帐帘呼啦啦掀开,刺骨的寒风裹挟著鹅毛大雪灌了进来,吹得帐內烛火一阵摇曳,
明灭不定的火光,映著帐內两排肃立的亲卫,也映著主位上那个垂著眼帘,似乎正在打盹的老人。齐瑞良整了整被风雪打湿的衣襟,抬步走进了帐內。
他脚步不疾不徐,目光快速扫过整座中军大帐。
这辽城大帅的中军帐,非但没有他想像中的奢华铺张,反倒朴素得有些过分。
帐內没有描金绘银的装饰,四壁只掛著一幅巨大的北地军用地图一一上面用红黑两色的笔墨,密密麻麻標註著山川、关隘、驻军点,边角处已经被翻得起了毛边。
主位只铺著一张掉了毛的黑熊皮。
哪有半分北地第一军阀的排场,倒像是个寻常的关外农户家。
帐內两侧,分坐著十几个身著军装的高级参谋与武將,目光如鹰隼般死死锁在他身上。
可齐瑞良却目不斜视,只缓步走到帐中站定,对著主位上的老人,再次躬身行了一礼。
帐內静了片刻,只有烛火劈啪的轻响,还有帐外风雪呼啸的声音。
终於,主位下首,一个身著笔挺军装的年轻参谋打破了帐內的寂静。
他斜睨著齐瑞良,语气里满是轻蔑:
“哪里来的毛头小子?深夜闯我辽城中军大帐,也不看看这是什么地方?
就不怕帐外的刀枪不长眼,把你这细皮嫩肉的小子捅个透明窟窿?”
齐瑞良抬眼看向那参谋,脸上不见半分慌乱,只淡淡一笑:
“久闻张老帅治下军纪森严,號令一出,莫敢不从。
我原以为,没有老帅的军令,便是天塌下来也没哪个不长眼的敢在中军帐內放肆喧譁。
今日一见,倒是与传闻有些出入。”
一句话落下,那年轻参谋的脸色瞬间涨得通红,神色一滯,竟一时语塞。
他哪里听不出来,齐瑞良这话是绵里藏针,明著是说他没规矩。
他悻悻地闭了嘴,狠狠瞪了齐瑞良一眼,再不敢多言。
帐內眾人看向齐瑞良的目光,顿时多了几分凝重。
这少年看著不过十七八岁的年纪,面对辽城帅府的阵仗,非但没有半分怯场,反倒一句话就堵死了对方的嘴,
这份定力与口才,绝非寻常人物。
“哼,油嘴滑舌,倒是有几分小聪明。”
坐在左侧首位的一个中年参谋,冷哼一声,放下了手里的茶碗,抬眼看向齐瑞良,语气里满是倨傲:“李家庄?哪个李家庄?这北地姓李的庄子没有一百也有八十,咱可从没听过有哪位姓李的爷,能派个毛头小子,深夜闯我们大帅的中军帐。”

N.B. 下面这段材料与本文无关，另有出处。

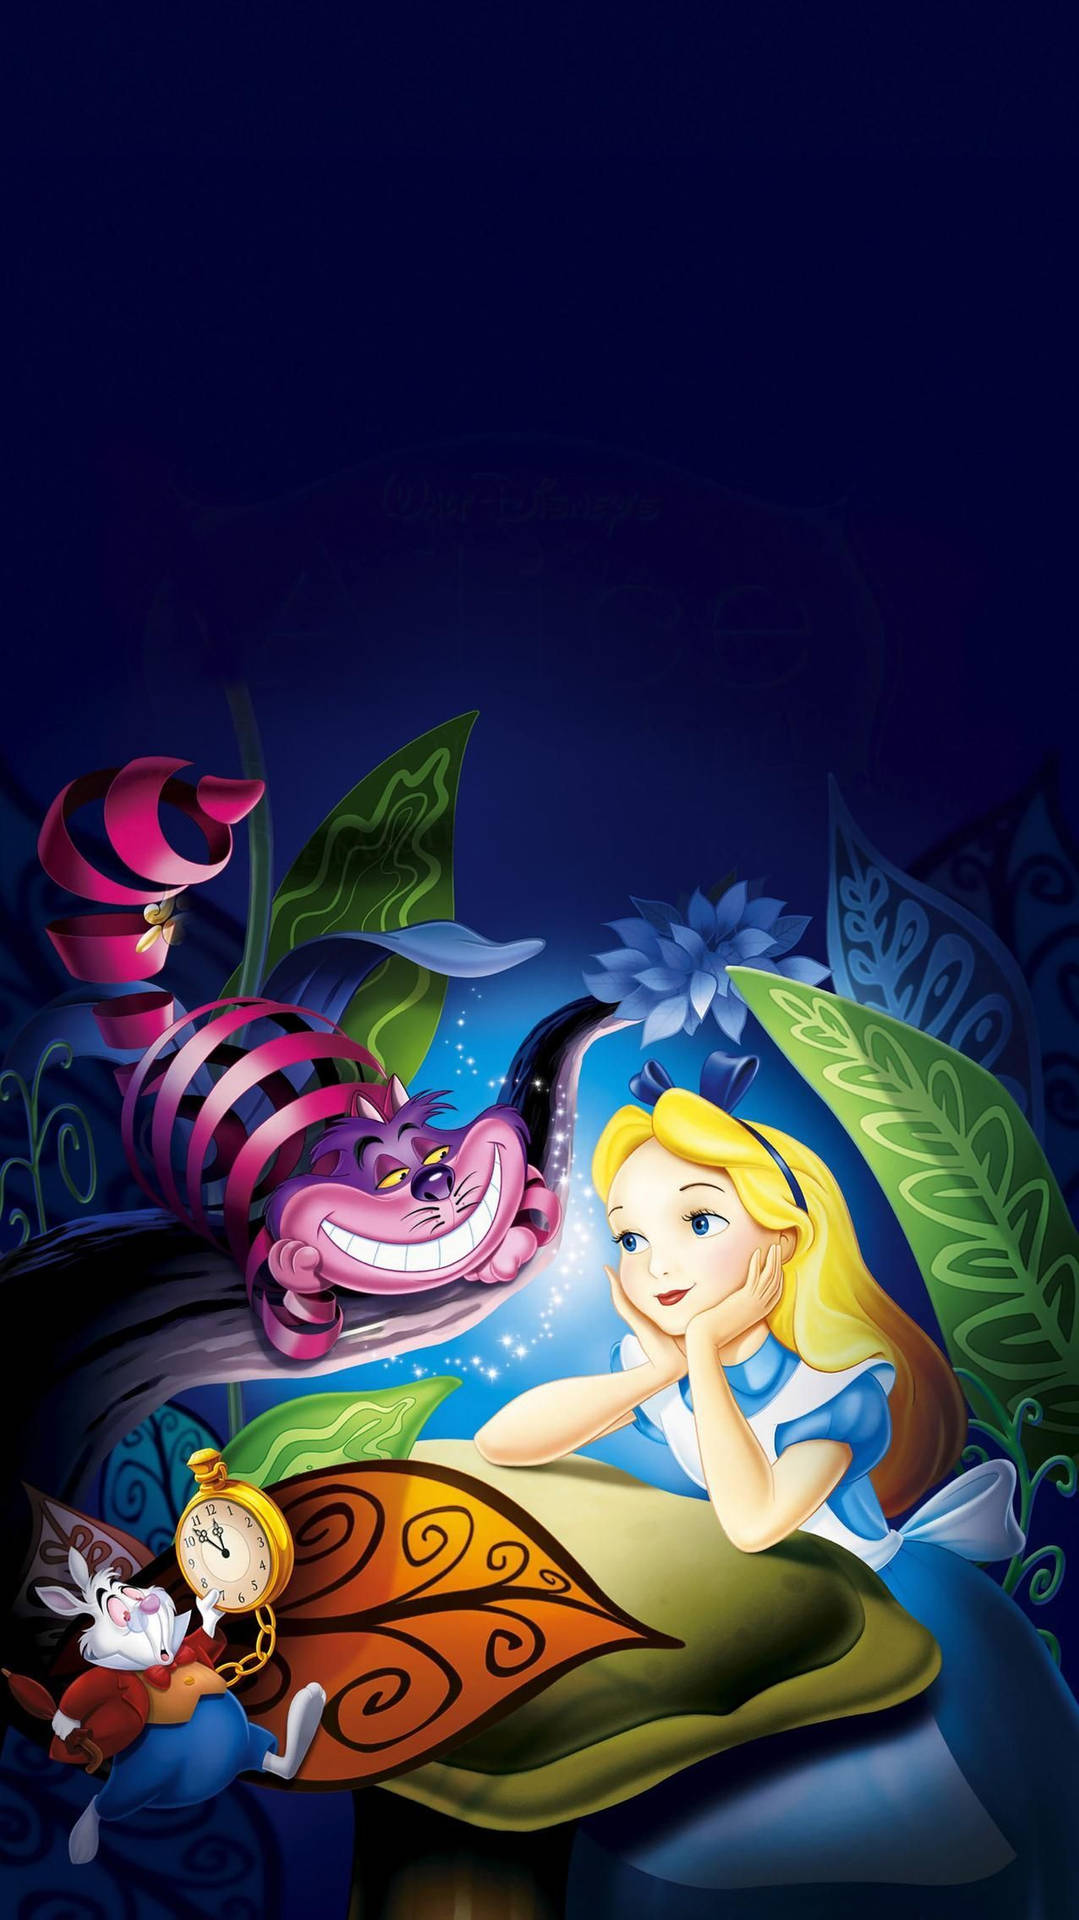 Free Alice In Wonderland Phone Wallpaper Downloads, [100+] Alice In  Wonderland Phone Wallpapers for FREE 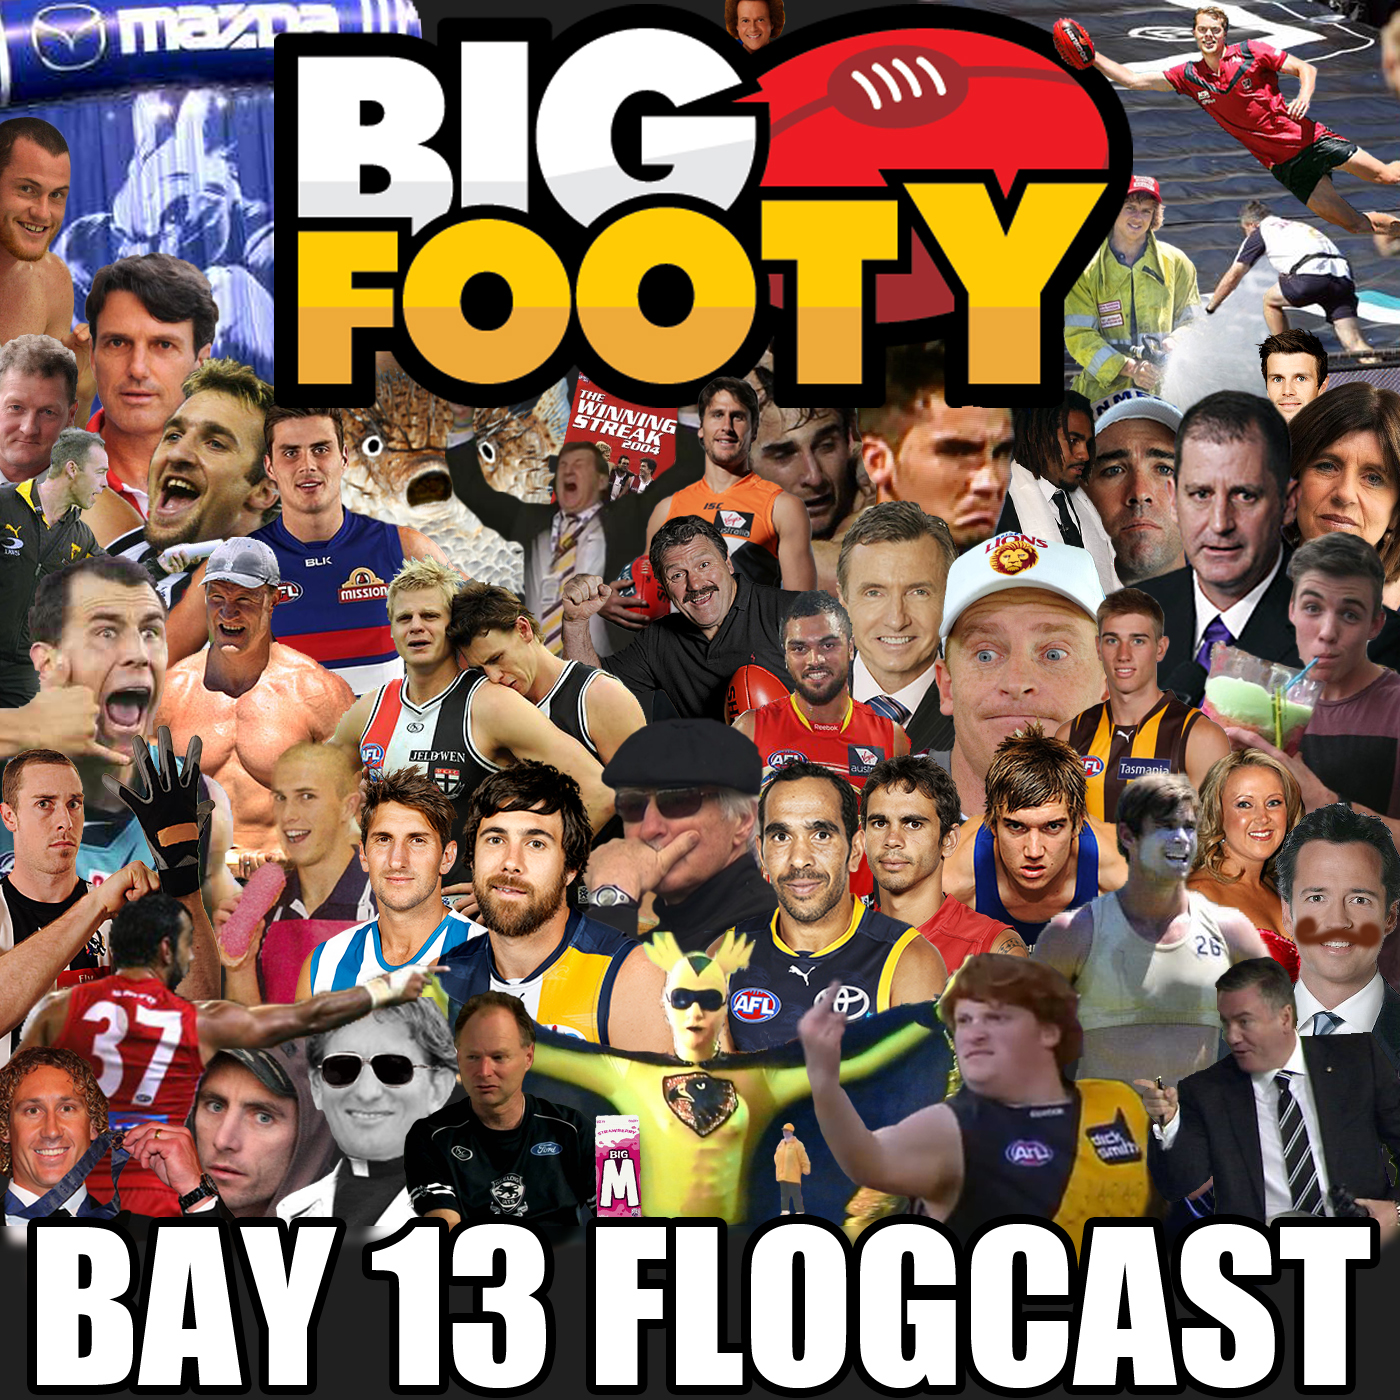 The Bay 13 Flogcast from BigFooty.com

他是张老帅麾下的老牌谋士,跟著老帅从马匪堆里杀出来的老人,在辽城地位极重,说话自然带著几分底气。
齐瑞良嘴角勾起一抹淡淡的笑意,反问道:
“哦?是吗?我听闻辽城段易水段先生乃是北地武道界的翘楚,一手鸳鸯刀冠绝关外。
可我却记得,数月前四九城的英才擂上,段先生可是亲口认负,输给了我家庄主李祥。
怎么?连段先生都记在心里的人物,诸位参谋竞从未听过?”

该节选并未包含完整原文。